The W.S.P.U. moved to London in 1906, and opened a national headquarters at 4, Clement’s Inn. Frederick and Emmeline Pethick-Lawrence funded the office accommodation in the early days. Emmeline’s fundraising and Frederick’s expertise as a barrister initiated a formidable campaign, which has never been seen before or since. By the end 1912, fifty-eight branches existed across the country recruiting women from all backgrounds and occupations. Membership lists were not kept in case of police raids on their premises. Donors listed in their weekly newspaper ‘Votes for Women’ showed that thousands of women supported the campaign financially and actively.

Nowadays we take marketing for granted, but it was first used politically by the W.S.P.U, who created their campaign as a brand. There were well-designed logos, stylish exhibitions, spectacular processions and meetings in London and the major cities. Special colours represented the movement, purple, white and green for freedom, purity, and hope respectively. Supporters wore the colours and they were used on badges, bicycles, chocolate bars, cakes, jewelry and even a motor-car.

Faced with determined opposition from many politicians, the press and the public (including women), Keir Hardie, M.P. (Independent Labour Party) was a good political friend to the women’s suffrage campaigners. While Liberal politicians consistently voted in support of the Conciliation Bills to grant a measure of women’s suffrage in 1910, 1911 and 1912, their wishes were crushed by the anti-women’s suffrage Prime Minister Herbert Asquith and others who refused to steer a Bill through Parliament. The collapse of the 1912 Conciliation Bill was the trigger which propelled the W.S.P.U. into sanctioning extreme militancy which marked the final two years of the campaign until the outbreak of the First World War.

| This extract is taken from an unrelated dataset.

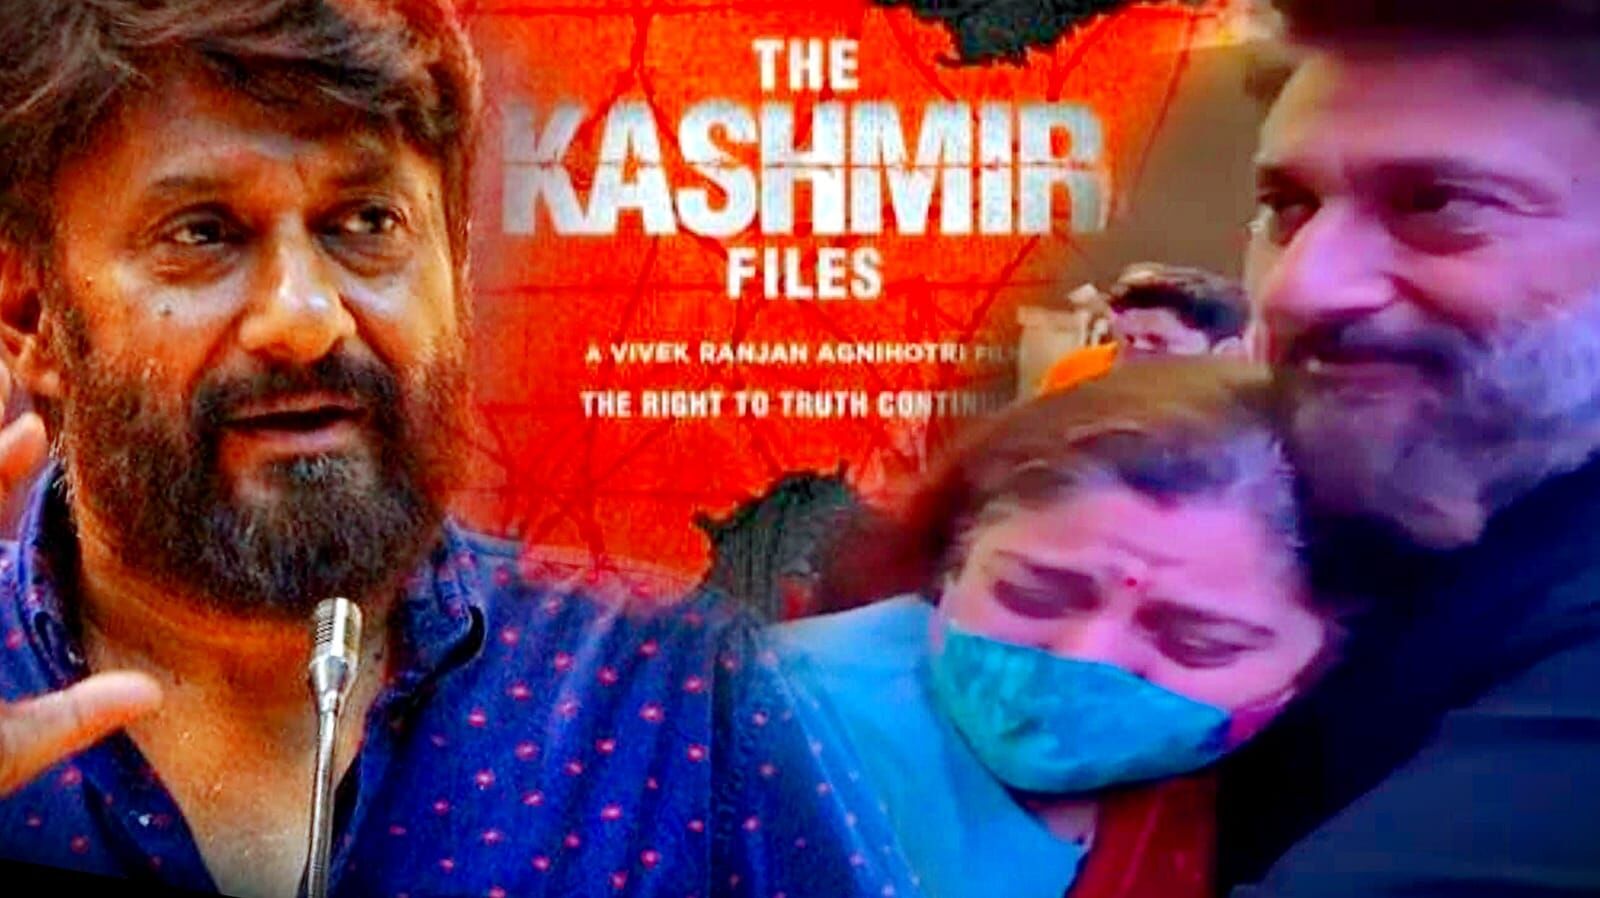 The Kashmir Files : डायरेक्टर विवेक अग्निहोत्री बैंकॉक वीडियो पर हुए ट्रोल, जानिए वजह

The two men’s organizations which worked for votes for women were the Men’s League for Women’s Suffrage, founded in 1907, and the Men’s Political Union for Women’s Enfranchisement of 1910. Many men supported their wives, sisters and girlfriends, although most men did not. Those who did paid a heavy price for being ‘sex traitors’ and suffered violence whilst offering protection at public meetings, and lost their reputations or jobs.

Until the increased militancy of 1912 the moderate suffragists – the National Union of Women’s Suffrage Societies – and the militant suffragettes worked together.  Members of both wore each-others’ badges, and joined the same marches. They all handed out leaflets about enfranchisement of women, canvassed for the private members’ bill and sold newspapers. Yet, these documents reveal that the suffragettes went further: they attempted to enter the House of Commons; heckled meetings; blew up pillar-boxes; smashed windows; burnt down empty buildings and attacked works of art.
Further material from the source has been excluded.